CPI is part of unique set of key macroeconomic indicators that all governments continuously measure in order to know the evolution of the economy.
GDP is a macroeconomic indicator representing the monetary value of all goods and services produced by an economy over a set period of time, this period is usually 1 year.
Nominal GDP is the value of all goods and services produced calculated from market prices in the time period considered, moreover real GDP is calculated at constant prices based on a specific year, ie real GDP does not account inflation.
GDP deflator is calculated by dividing nominal GDP between real GDP, in this way we obtain a percentage that represents the evolution of prices of all goods and services produced in the country.

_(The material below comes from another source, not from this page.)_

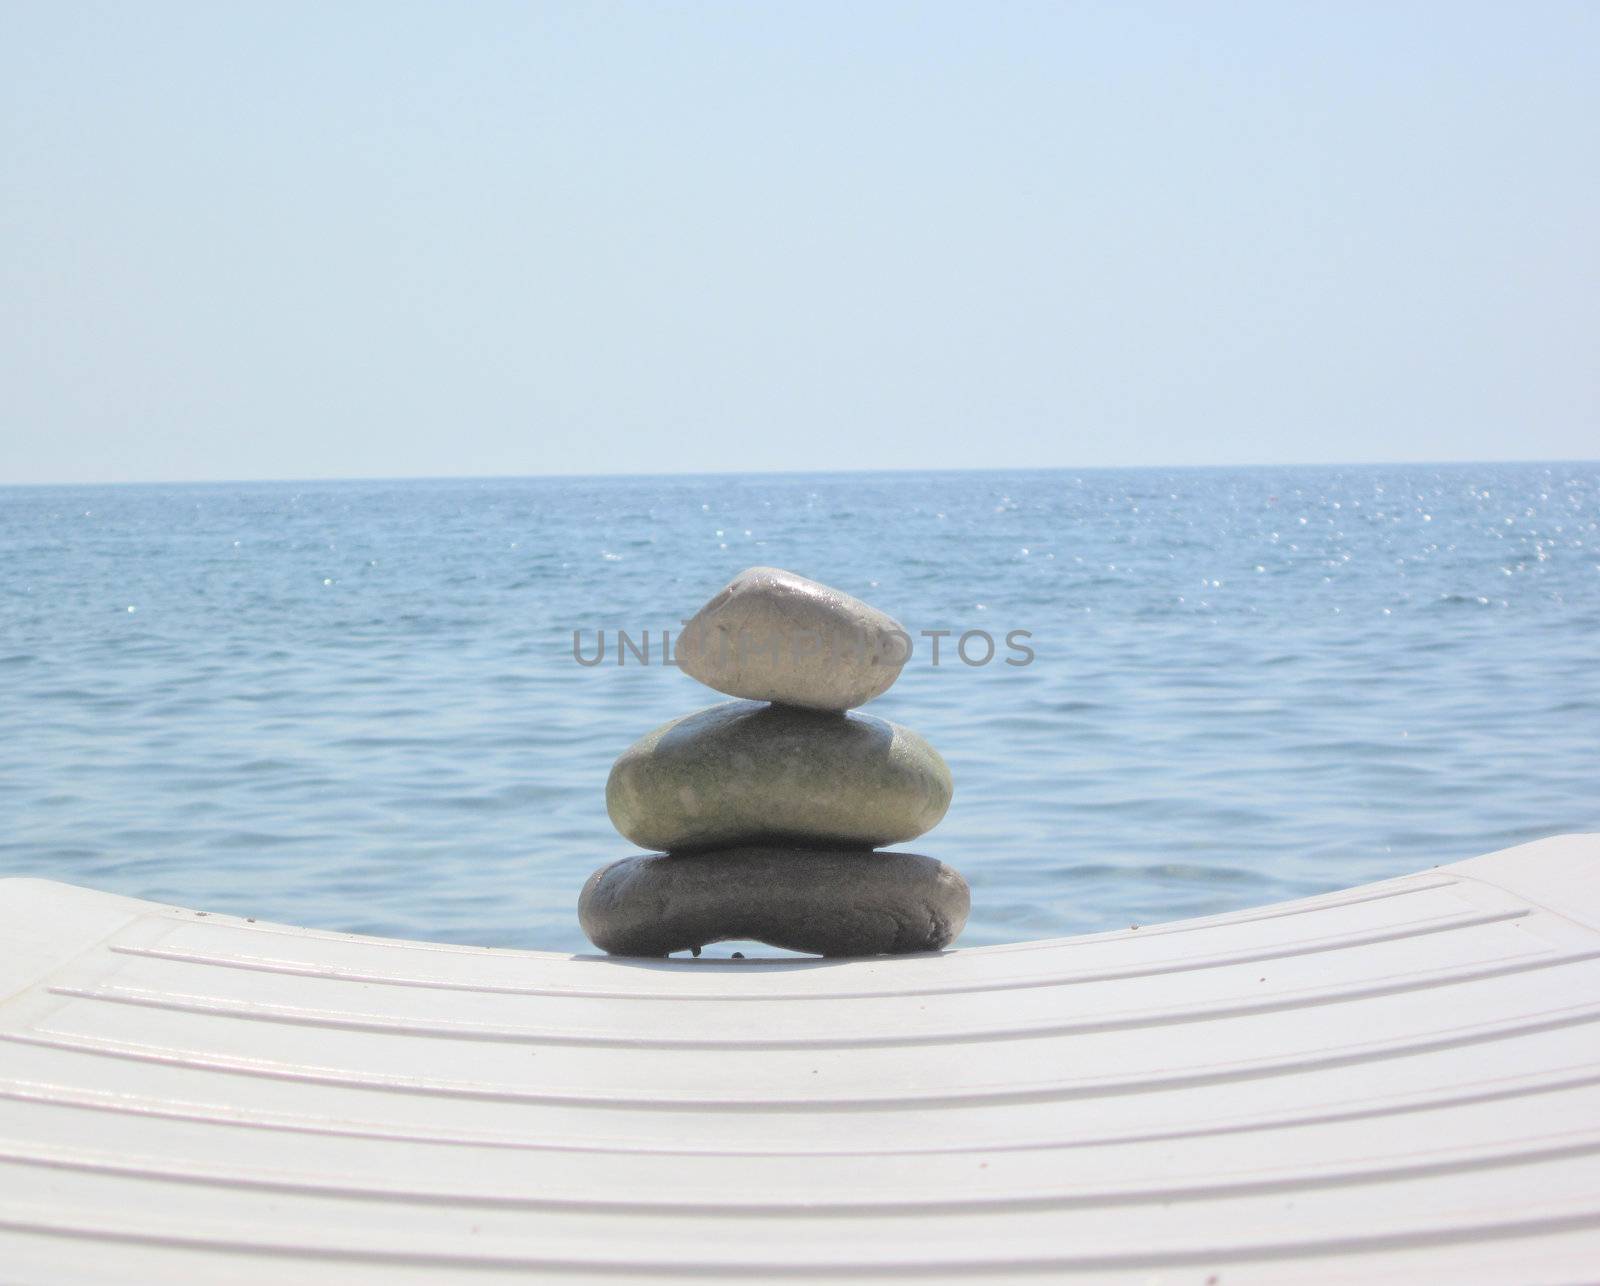 The stack of pebble stones in zen concept  on chaise longues  by svtrotof

Many economists advocate the use of this indicator against the CPI as a tool for calculating inflation given that the CPI only shows the price development of a list of products and services representative while the GDP deflator shows the evolution of prices of all products and services.

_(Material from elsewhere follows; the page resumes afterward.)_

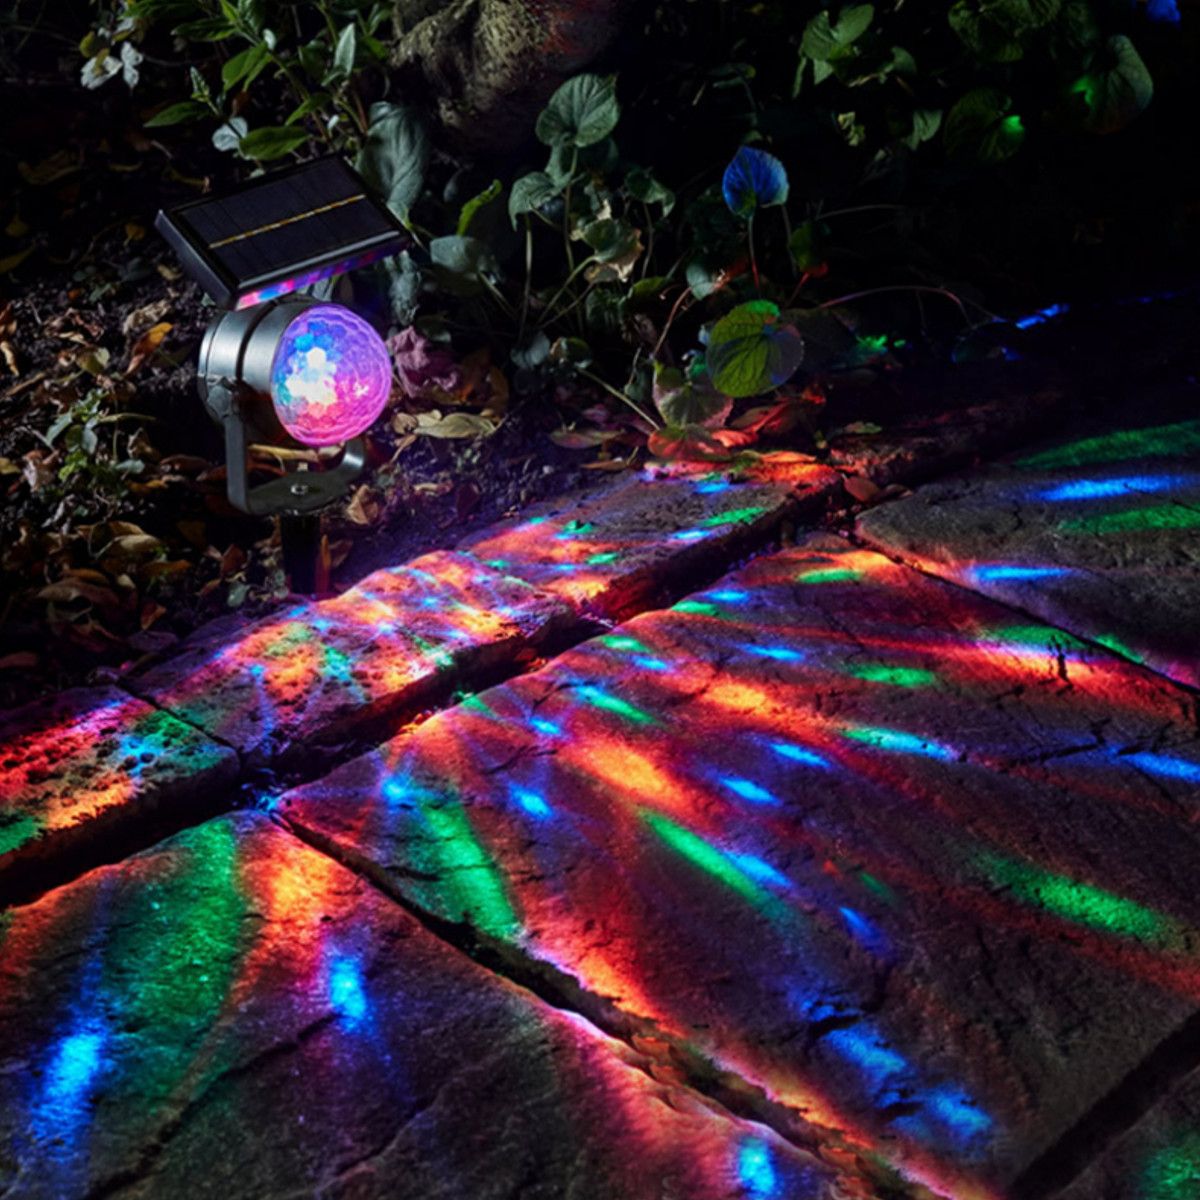 Solar-Powered-Rotating-LED-Projection-Light-Colorful-Garden-Lawn-Lamp-Waterproof-Outdoor-Lighting-1708558

Several factors can cause inflationary periods in an economy, such excess consumption by the population leads to higher prices without sufficient supply to meet demand, an increase in production costs due to the lack of any raw material or a runaway increase in wages generates a final increase in the price of goods or services produced, on the other the creation of speculative bubbles generates a rise in prices or inflation.
Depending on the size or value of inflation obtained we can classify into the following types:
Moderate inflation - Refers to a relatively small increase in prices, leading to inflation below 5% and an economy with stable prices where people and governments maintain confidence in its economy by promoting investments that stimulate economic growth.

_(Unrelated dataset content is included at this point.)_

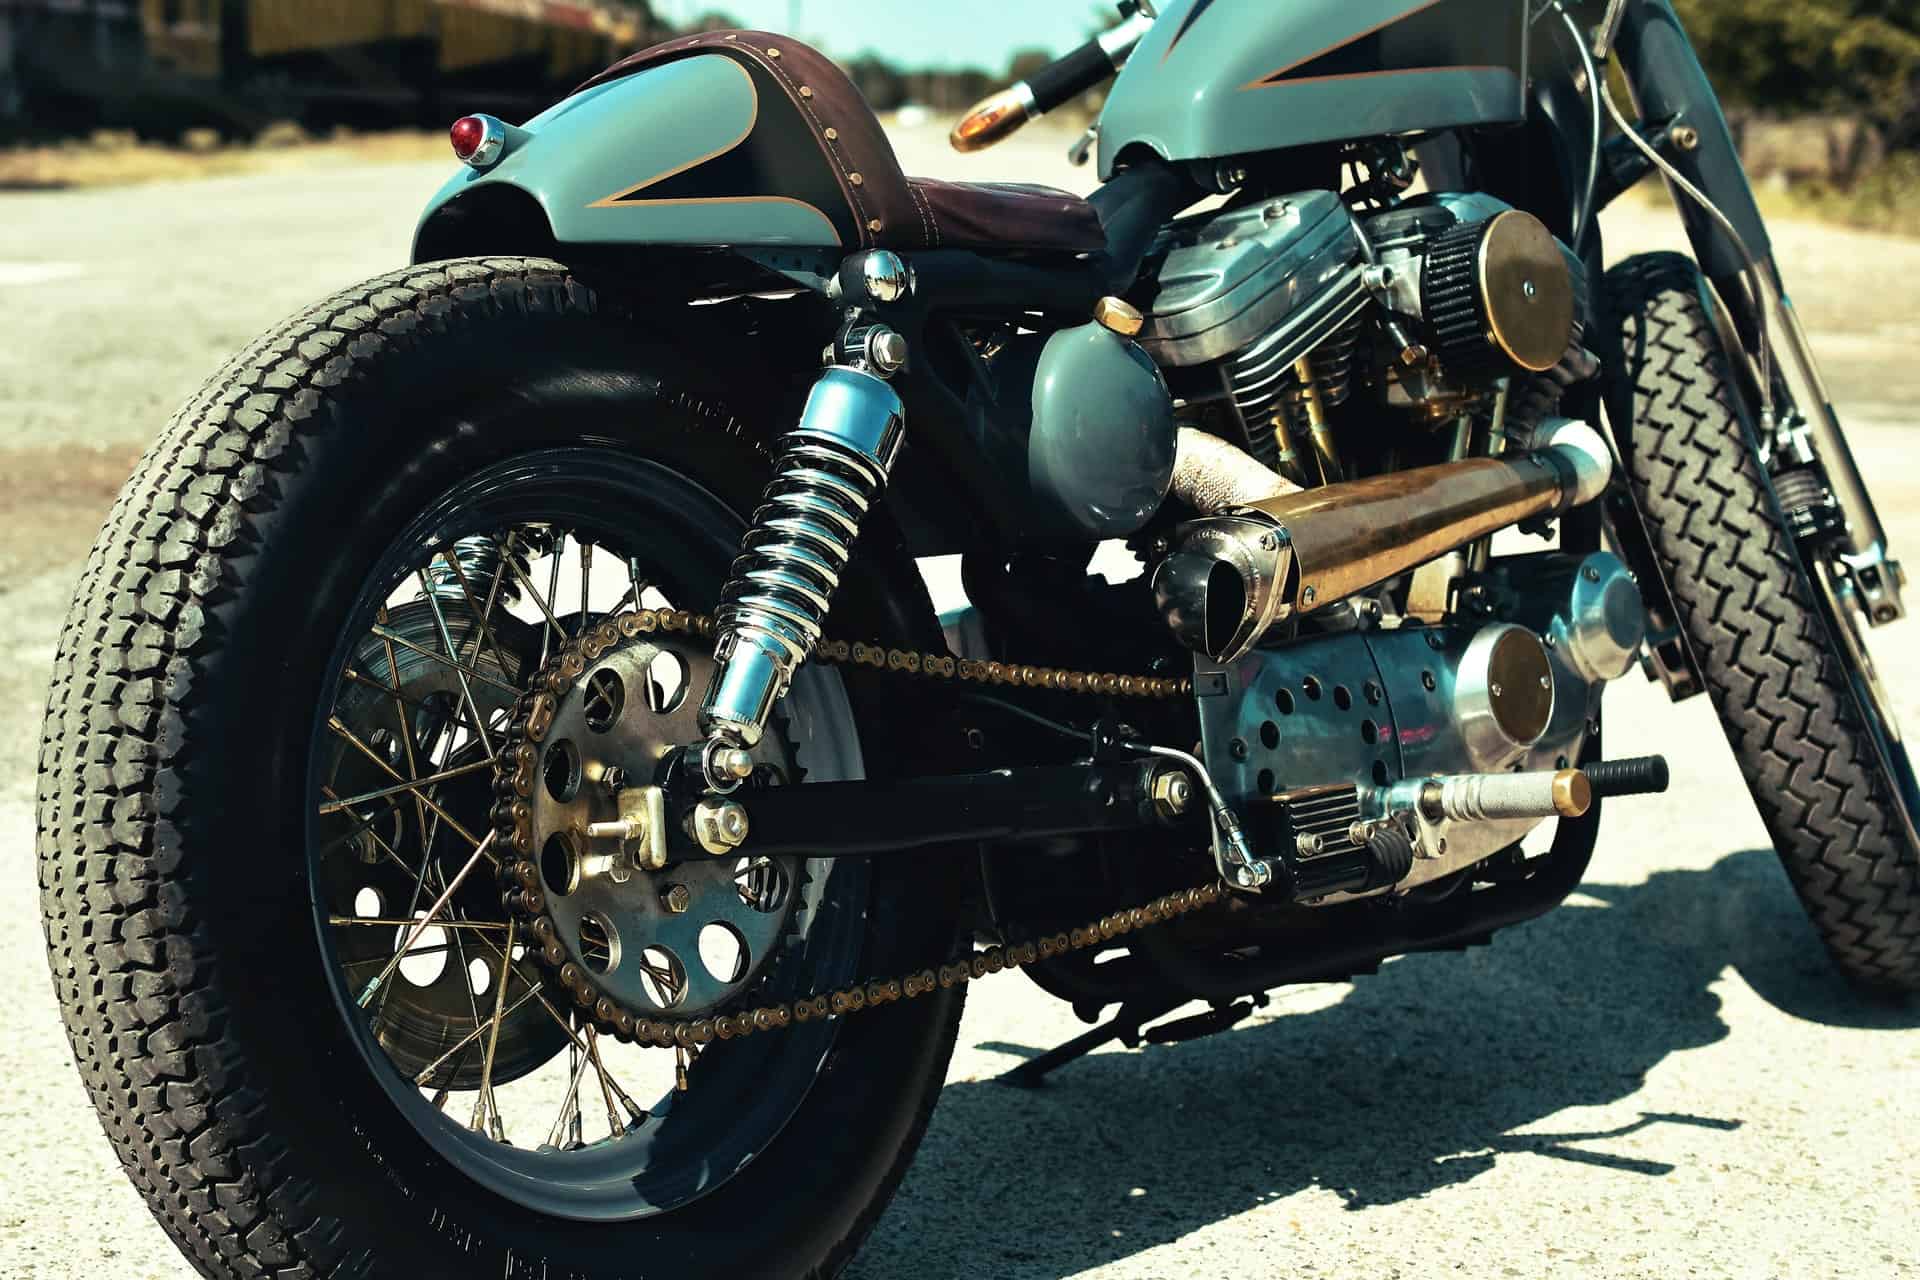 How to maintain a motorcycle chain before the season?

Galloping or runaway inflation - Makes references to rapid inflation rates without limits where higher prices exceed 20% and even 150%, in this situation if governments and agencies in the field do not take appropriate measures can lead to a large and deep economic crisis.
Hyperinflation - Refers to increases inflated prices leading to inflation rates of 500%, 800% or even 1000%, in this situation the price of money is devalued at an alarming rate leading to an overall distrust of the economy generating a deep economic crisis, social and political upheavals. In Germany during the period between 1921 and 1923 there were a scenario where the monthly inflation was above 29,500% in this situation the value of money is despised at an alarming rate leading to situations where citizens burned mountains of bills to generate heat because it was cheaper than timber.
Now that you know what is inflation, did you know that Hungary was the country with the highest hyperinflation in modern economic history ?, during the years 1945 and 1946 Hungary monthly inflation reached more than 42 trillion percent or so it's the same 4.2 x 1016, under this economic scenario the value of its currency Peng depreciated every second reaching to emit bills for the value of 100 trillion Pengs.